Easy and tastes good, thanks for the recipe! I modified slightly using liquid aminos instead of soy and arrowroot instead of cornstarch. I also added peas and carrots for added nutritional value. Yum!
was very bland I didn't enjoy at all.
I made this recipe in my high school Foods class and it was so simple! It also turned out very well and looked exactly like it was supposed to. We didn't use the yellow food coloring and our still looked great! We did use the two teaspoons of water and it worked! Very good recipe :)
Excellent. Thank you! Just be sure to make enough for all your guests. We doubled it for two of us and just wished we had more.... Very good, will make again.
Positively yummy. So easy to make with such a delicious result. Had it for lunch with rice crackers. Thanks for posting.
This is the best soup recipe ever! my dad usually has something to say, such as, 'needs salt'. but he simply enjoyed this one. i totally loved it.
Fantastic recipe! Thank you! I didn't use cornstarch and I used the chicken broth cubes and it still came out great.
This was great I added fried egg noodles for a crunch... Par boil the egg noodle then fry in oil. Thanks for a great recipe. :)
I never post reviews, But i LOVED this recipe! It came out so good, definitely the best egg drop soup I’ve ever had.
I have had to make this twice in the last two days. My family really liked it. I did add a little more soy and sesame oil and used black pepper. The first time I x3 the recipe this time I x5. PERFECT! I always have all the ingrdients on hand which makes it nice.
I was trying to be healthier by not adding the optional salt, but it was a little too bland. I also used vegetable broth instead of chicken.
It tasted really good until I added white pepper. It really just ruined the soup. :(
it was fast and easy, but not great tast :(
My family did not care for this recipe.
This wasn't necessarily BETTER than restaurant quality, but it came really, insanely close. A lot of reviews don't make the recipe as it states, I did, and it came out wonderful.

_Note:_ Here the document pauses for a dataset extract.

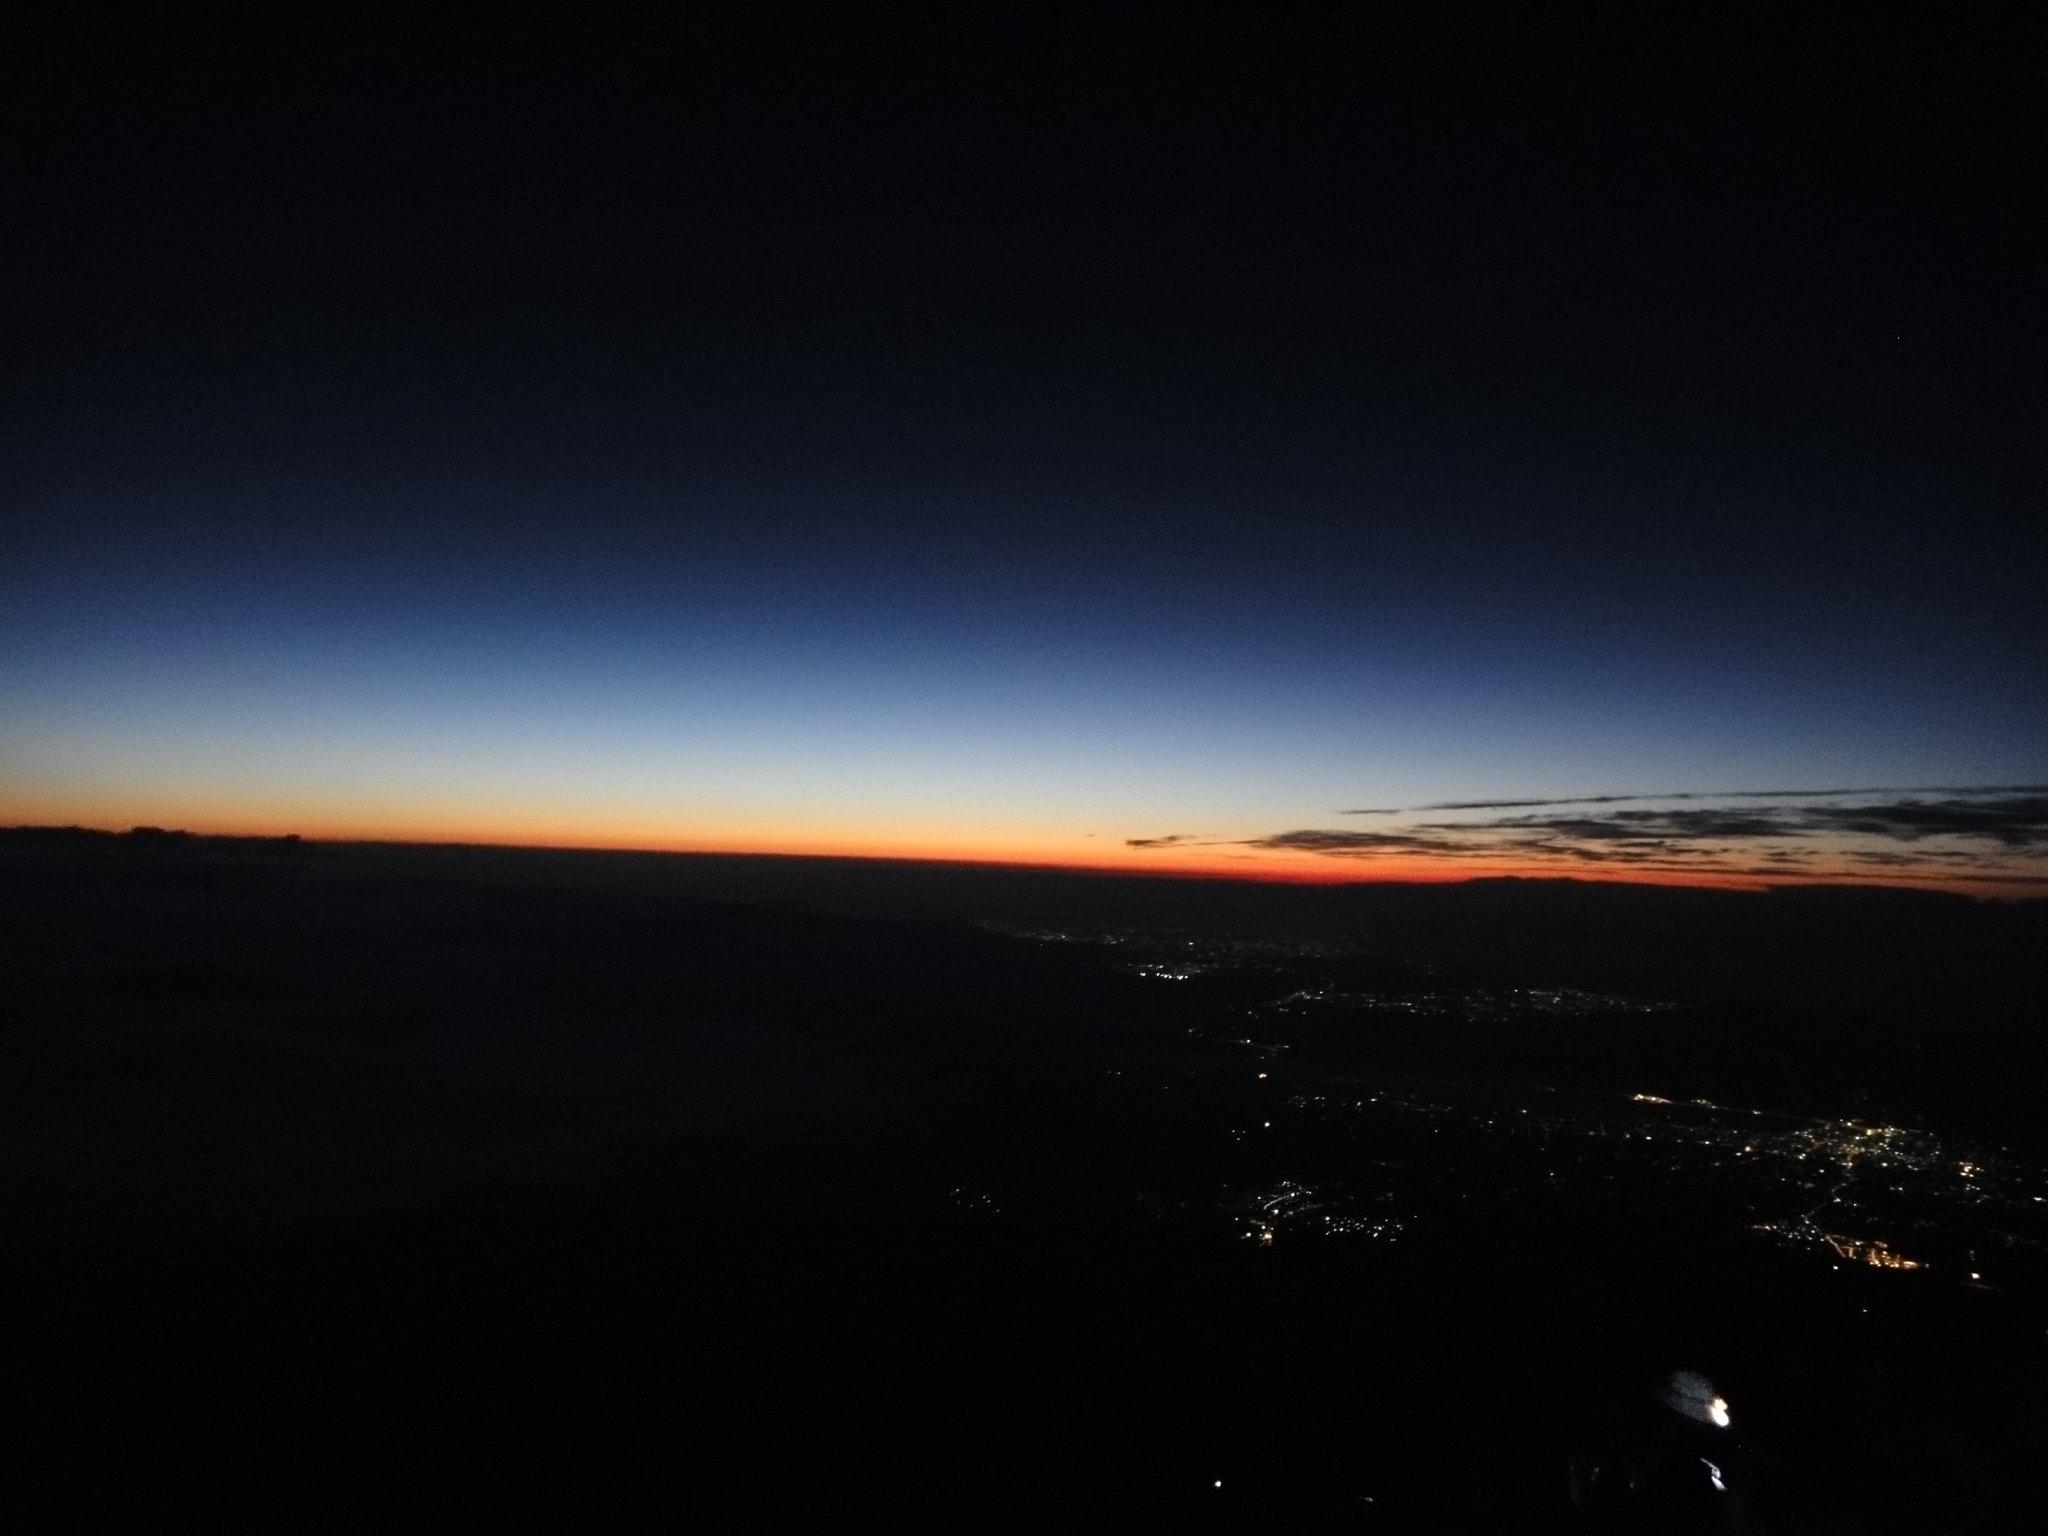 Mount Fuji - Soluppgång på gång

Second time around, I changed the recipe not to include cornstarch and I used bouillon (chicken) instead of broth and it still came out just as good. 10/10 would recommend!

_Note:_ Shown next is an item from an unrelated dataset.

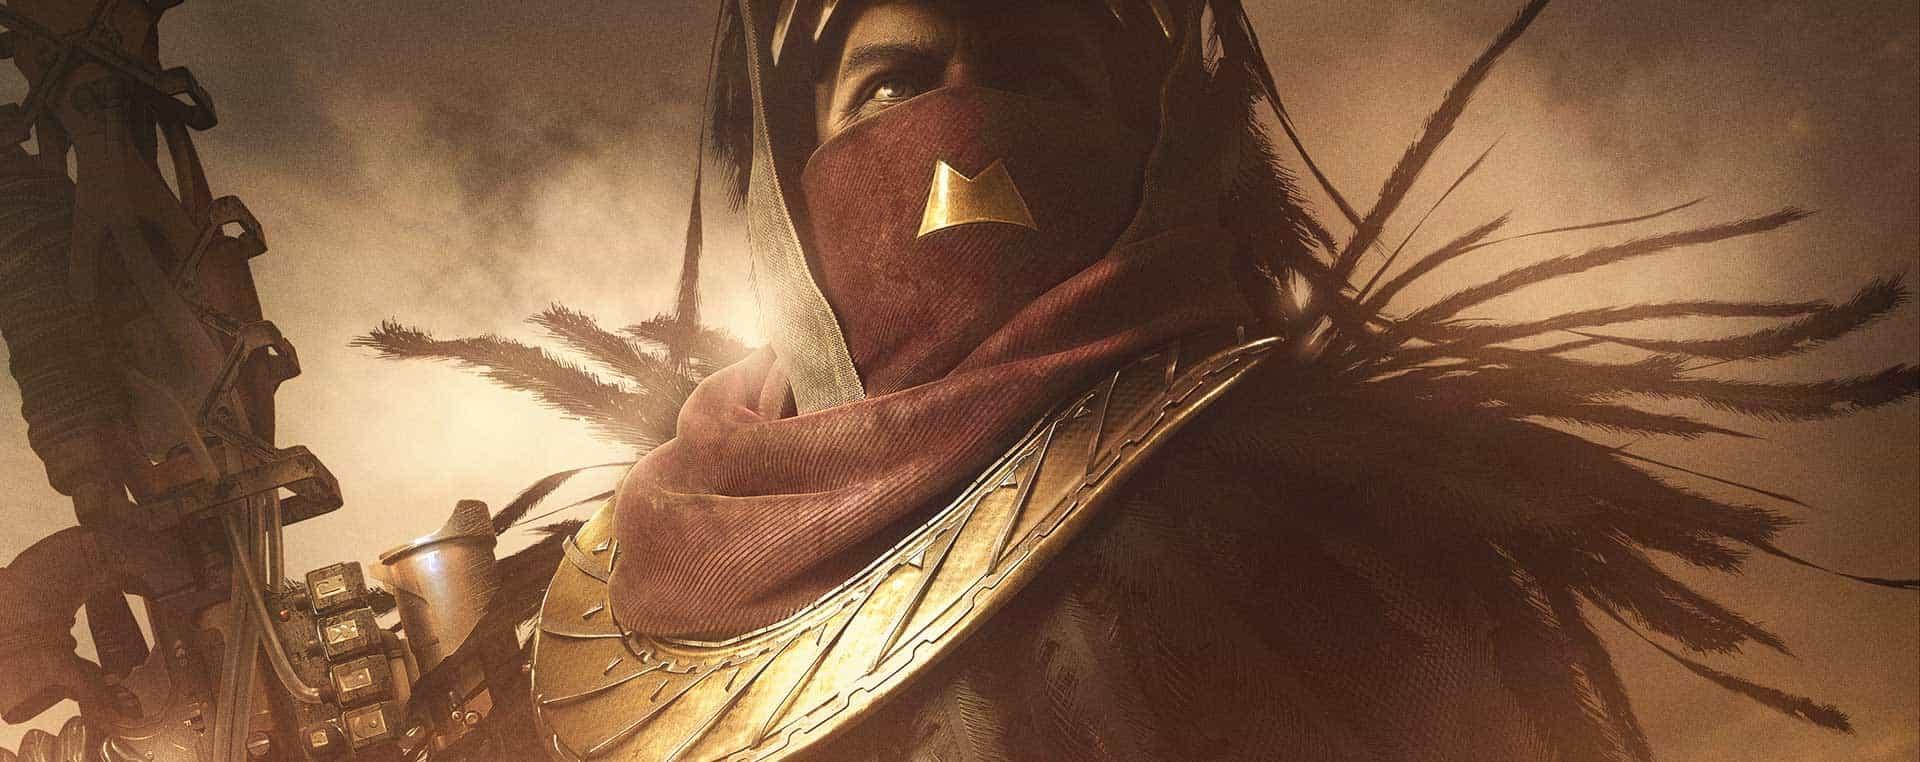 Curse of Osiris kao prvi Destiny 2 DLC ima nezahvalan posao

Way too salty, just not the right flavor at all. Maybe it was because I didn't make it right, but I made another version using a different recipie and it turned out AMAZING.
This is by far the best egg drop soup ever! I absolutely love it. You can't go wrong with this recipe!
Great, easy, try less starch(half) for a thinner soup.
It was good i've had better before but this one has a nice flavor.